Вот уже несколько месяцев Итало ничего не делал – только учил немецкий язык да упивался клавираусцугами «Тристана» и «Валькирии». Когда он вставал из-за рояля, у него кружилась голова, в теле ощущалась тяжесть, как после изнурительной любовной ночи, а под глазами лежали темные круги.
Совсем по-иному действовала на его отца какая-нибудь мелодия Верди! Сенатору довольно было просвистать ее про себя, и глаза у него сразу прояснялись, каждый мускул наливался бодрым, воинственным духом.
Из-за страсти к Вагнеру Итало за последние недели, не сознаваясь в том перед самим собою, охладел к Бьянке! Если раньше он урывал каждую минуту, чтобы побыть с нею, то теперь он все свое время с полудня до вечера проводил на Пьяцце. Вагнер частенько заглядывал там в то или другое кафе.
Еще сегодня в кафе Лавены можно видеть памятную доску, вещающую о том, что композитор провел здесь немало часов в беседах, в раздумье, даже за работой.
С замиранием сердца, точно робкий юноша, патрулирующий часами перекресток, чтоб на миг узреть, как пройдет здесь его богиня, Итало по сто раз пересекал площадь. И когда, бывало, ему улыбнется счастье и Вагнер медленно, с растерянным лицом, оживленно сам с собою разговаривая, зайдет в кафе, Итало провожал его на расстоянии и через несколько минут, как будто бы случайно, заходил туда же. Потом, приняв невинный вид, он неожиданно узнавал композитора, срывал шляпу с головы, густо краснел, кланялся преувеличенно низко и пробирался к не слишком отдаленному столику.

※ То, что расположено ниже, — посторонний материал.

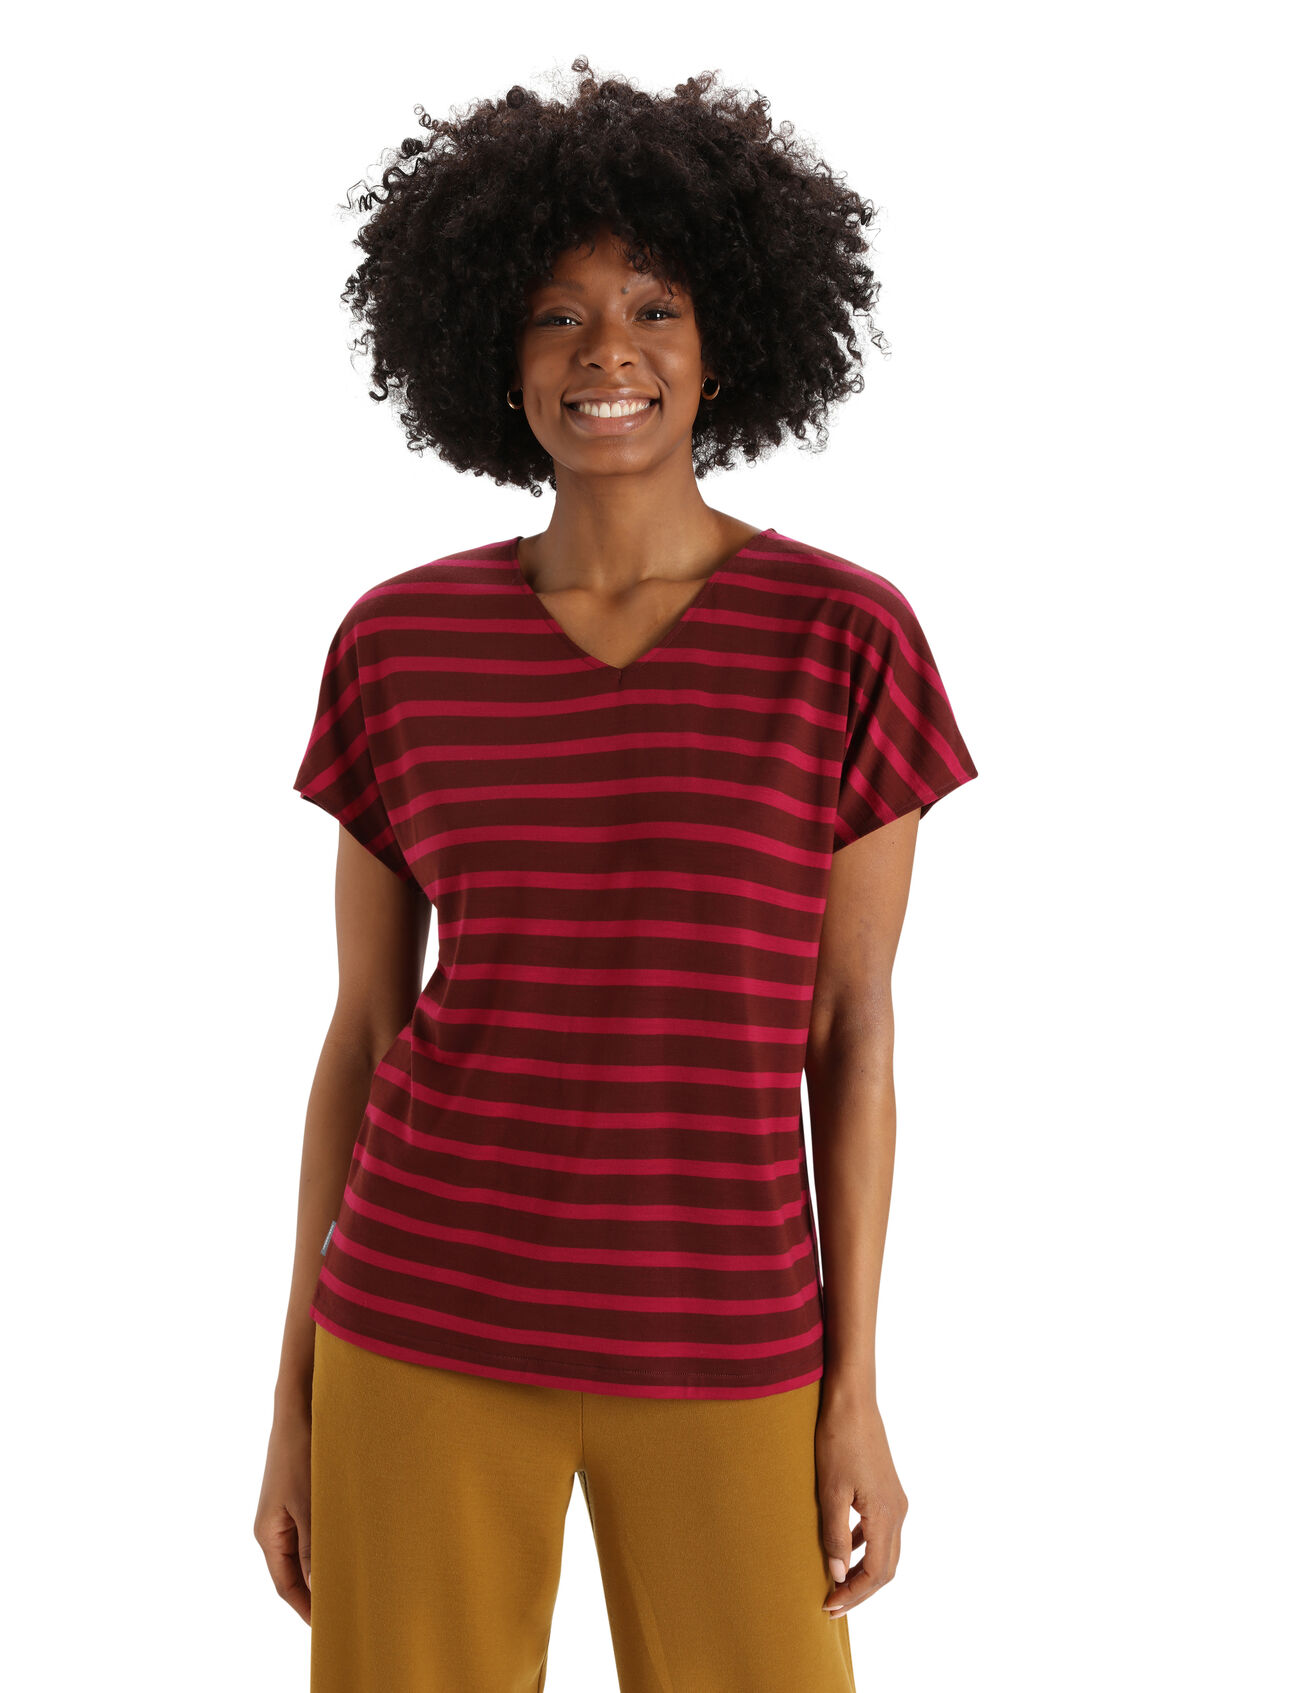 Womens Merino Drayden Reversible Short Sleeve Top Stripe A versatile everyday shirt featuring our Cool-Lite™jersey fabric, the Drayden Reversible Short Sleeve Top Stripe can be worn frontwards for a soft V neck, or backwards for a high crew neck.

Иногда Вагнер подзывал к себе красивого юношу, на лице которого теперь не оставалось и тени его обычной кокетливой самоуверенности. Спрашивал его о том о сем. Итало пробовал отвечать по-немецки, но в злом заклятии едва лепетал односложные слова, хоть каждый взгляд его метал огонь преданного почитания. Его отпускали приветливым кивком головы, и он тихо удалялся, изнемогая от счастья и тоски. Рихард Вагнер питал слабость к итальянскому темпераменту. Ничто так не льстило композитору, как то глубокое впечатление, которое к этому времени начинали производить его оперы на элиту древнего музыкального народа.
Неудивительно, что вся ревность Бьянки сосредоточилась на Вагнере.
Однажды утром – прошло более двух недель с того исторического концерта в Ла Фениче и краткого наезда маэстро Джузеппе Верди в Венецию – Итало сидел у своей любовницы. Бьянка лежала, ей сегодня нездоровилось. Итало держал ее за руку, а у самого дергались колени – обычный для него знак нетерпения.
– Сегодня с двенадцати до четырех он дома. А потом ему нужно на совещание. Ты будешь со мною, мой Итало!